Er komt steeds meer informatie beschikbaar van meerdere onderzoekers dat type I
IFN (met name IFN-α) een sleutelrol speelt bij het ontstaan en verloop van
actieve SLE (Baechler et al, 2003; Baechler et al, 2004; Crow, 2003; Dall'era
et al, 2005; Kirou et al, 2005). Sifalimumab (ook bekend als MEDI-545) is een
humaan immunoglobuline G1 kappa (IgG1*) monoklonaal antilichaam (MAb) dat het
merendeel van subtypes van humaan IFN-α bindt en neutraliseert.
Klinische studies met sifalimumab in patienten met SLE hebben veelbelovende
resultaten opgeleverd. Tot op heden laat sifalimumab een acceptabel
veiligheidsprofiel zien in volwassen patienten met gemiddeld tot ernstig
actieve SLE na een enkel infuus (Studie MI-CP126) als ook in volwassen
patienten met gemiddelde tot ernstige ziekte (SLEDAI-2K >= 6 punten bij
screening) na meerdere infusen (Studie MI-CP152). Resultaten van Studie
MI-CP152, een multicentrum, gerandomiseerd, dubbel-blind,
placebo-gecontroleerde, dosis escalatie studie heeft aanvullende veiligheids-,
PK-, PD- en klinische activeitsdata opgeleverd die verdere klinische
ontwikkeling van sifalimumab in patienten met gemiddeld tot ernstig actieve SLE
ondersteunt.
Doel van het onderzoek
Het doel van dit onderzoek is om de effectiviteit en veiligheid van drie IV
behandelschema's met sifalimumab in volwassen patienten met chronische,
gemiddeld tot ernstig actieve SLE met een onvoldoende respons op SOC SLE
(standaardbehandeling van SLE) te evalueren. Deze studie is ook bedoeld om de
veiligheid, inclusief immunogeniciteit (IM), van sifalimumab in deze
patientenpopulatie te bepalen.
Onderzoeksopzet
De opzet van de studie is:
• internationaal
• multicentrum
• gerandomiseerd
• dubbel-blind
• placebo-gecontroleerd
• parallele groepen
Onderzoeksproduct en/of interventie
Patienten worden in een 1:1:1:1 ratio gerandomiseerd om een vaste IV dosering van sifalimumab (200, 600 of 1200 mg) of placebo te ontvangen: • Behandelarm 1 (n = 136): IV sifalimumab (200 mg) voor 48 weken • Behandelarm 2 (n = 136): IV sifalimumab (600 mg) voor 48 weken • Behandelarm 3 (n = 136): IV sifalimumab (1200 mg) voor 48 weken • Behandelarm 4 (n = 136): IV placebo voor 48 weken Het onderzoeksmiddel (sifalimumab of placebo) wordt in een vaste dosering toegediend gedurende elke 2 weken (14 dagen) voor de eerste 3 giften (dagen 1, 15 en 29) en vervolgens elke 4 weken (28 dagen) voor de volgende 11 giften (dagen 57, 85, 113, 141, 169, 197, 225, 253, 281, 309 en 337) om uit te komen op een totaal van 14 giften.
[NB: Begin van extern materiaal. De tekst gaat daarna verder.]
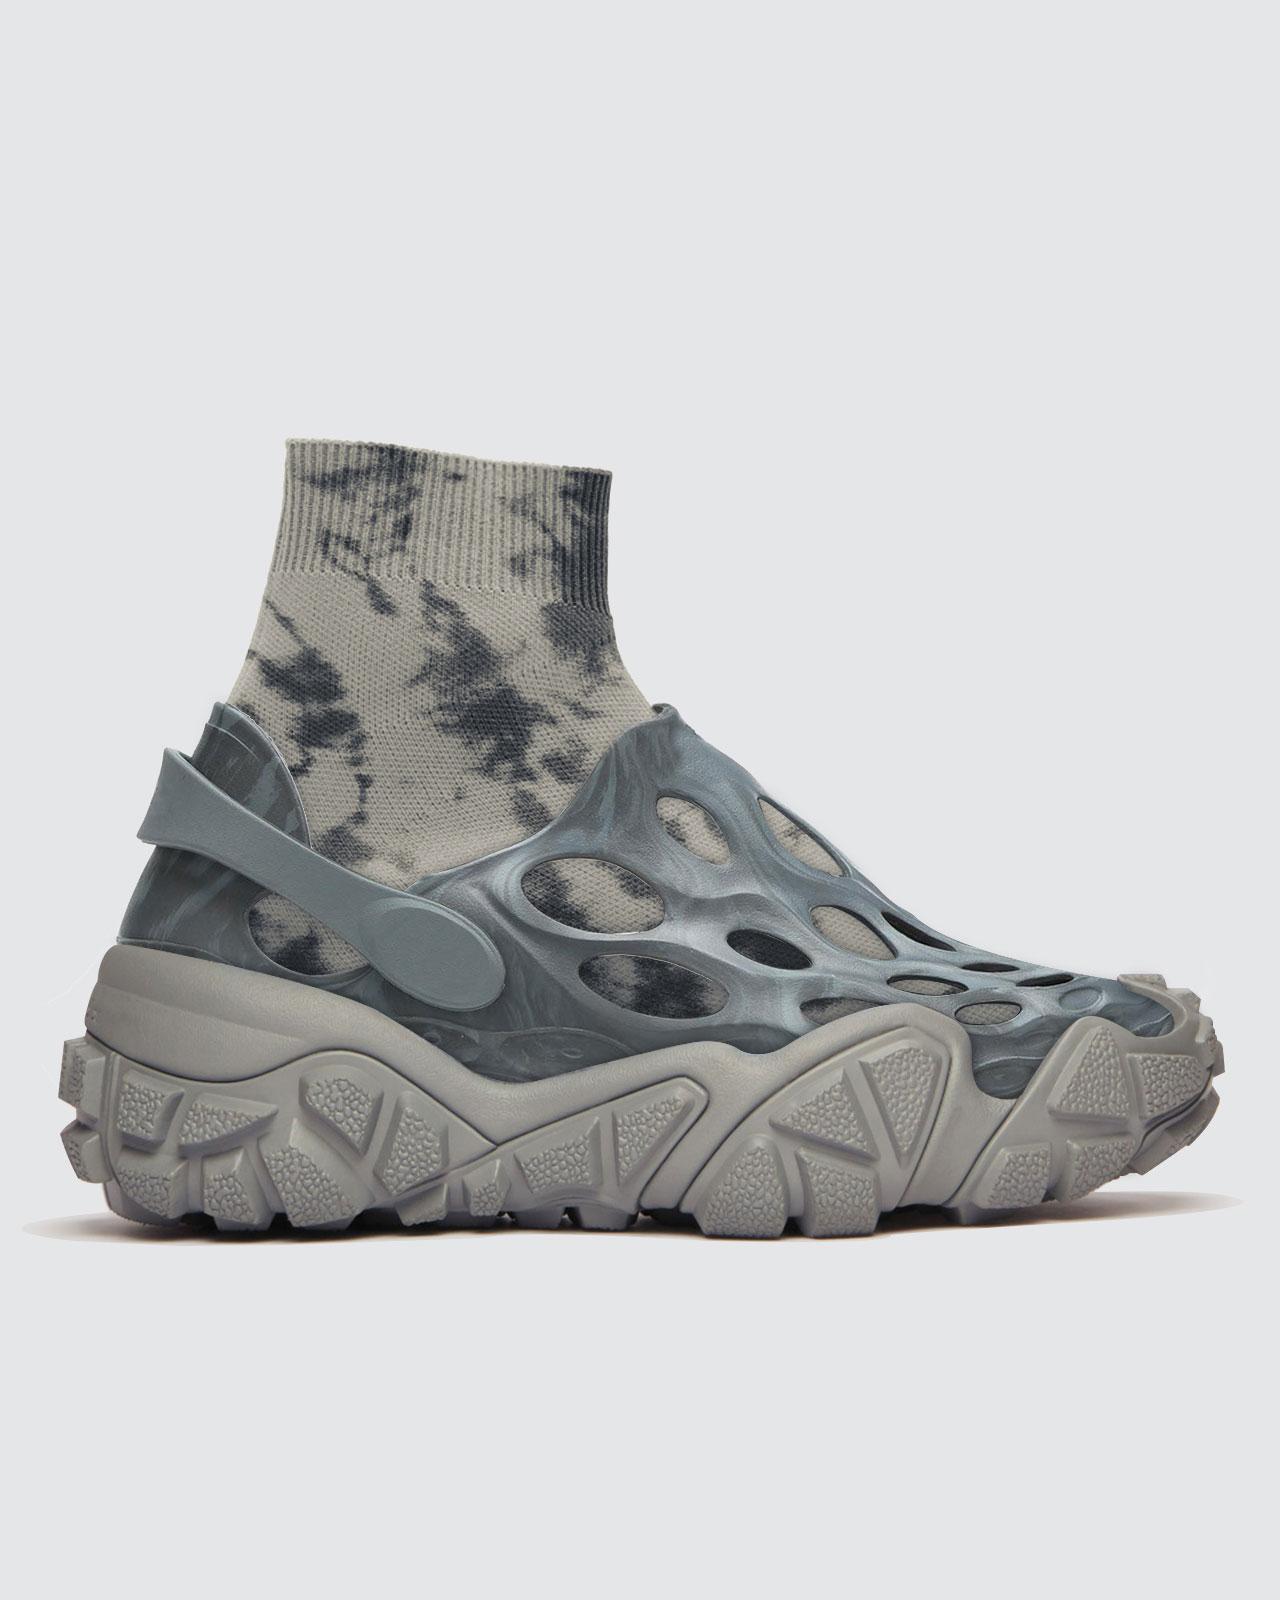 William Hildebrand - Footwear Concept   @wgh3

Het onderzoeksmiddel wordt als een IV infuus toegediend, via een infuuspomp, gedurende 60-90 minuten, afhankelijk van het gewicht van de patient op de dag van de gift.
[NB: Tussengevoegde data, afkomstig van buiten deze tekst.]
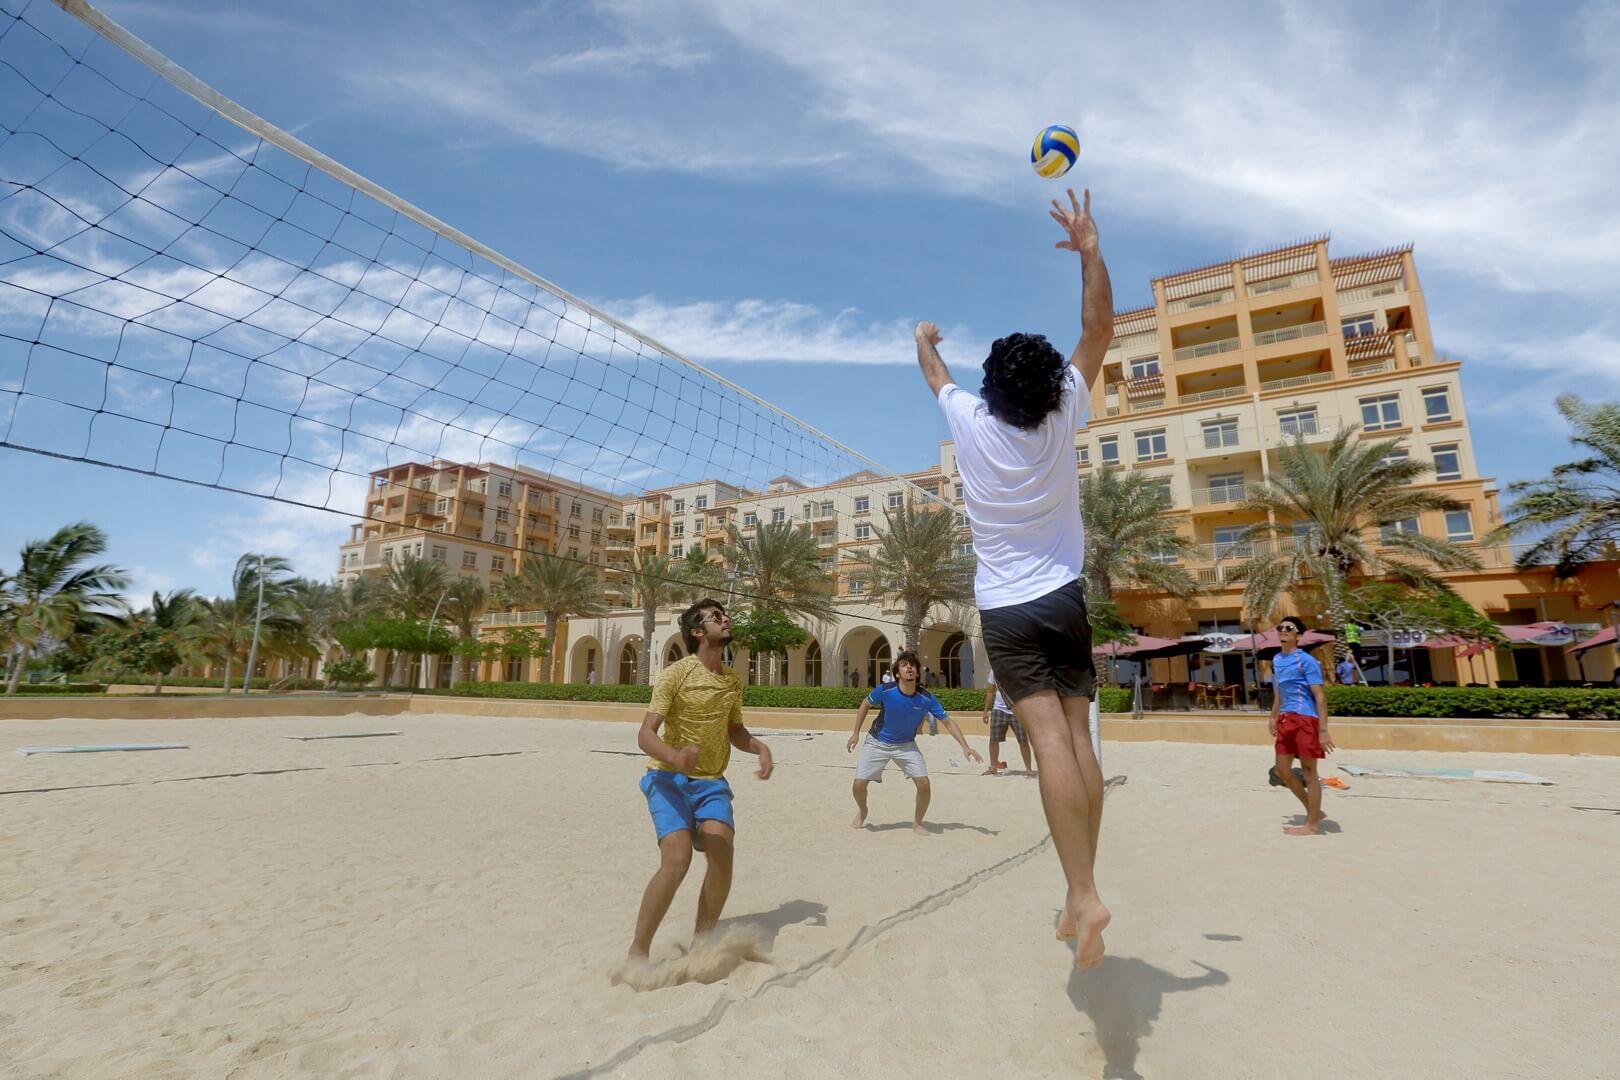 Bay La Sun beach - KAEC

Inschatting van belasting en risico
In dit onderzoek krijgen patienten een infuus met het onderzoeksgeneesmiddel
sifalimumab (200, 600 of 1200 milligram) of placebo. Het duurt 60-90 minuten om
het infuus in te laten lopen. Patienten moeten vaker naar het ziekenhuis komen
(gedurende 18 maanden eens in de 4 weken met een extra bezoek 2 weken na de
allereerste dosering - alleen het laatste bezoek vindt 3 maanden na het
voorgaande bezoek plaats -in het totaal 19 bezoeken). De bezoeken aan het
ziekenhuis nemen ongeveer 2 tot 4 uur in beslag omdat er verschillende testen
en bepalingen gedaan moeten worden. Op een aantal bezoeken wordt patienten
gevraagd nuchter te komen (dus zonder te ontbijten). Dat is nodig om
bijvoorbeeld het cholesterol in het bloed goed te kunnen meten.
Risico's en ongemakken
• Beperking om zwanger te worden/ partner zwanger te maken gedurende de studie
tot 180 dagen na het laatste infuus met de onderzoeksbehandeling.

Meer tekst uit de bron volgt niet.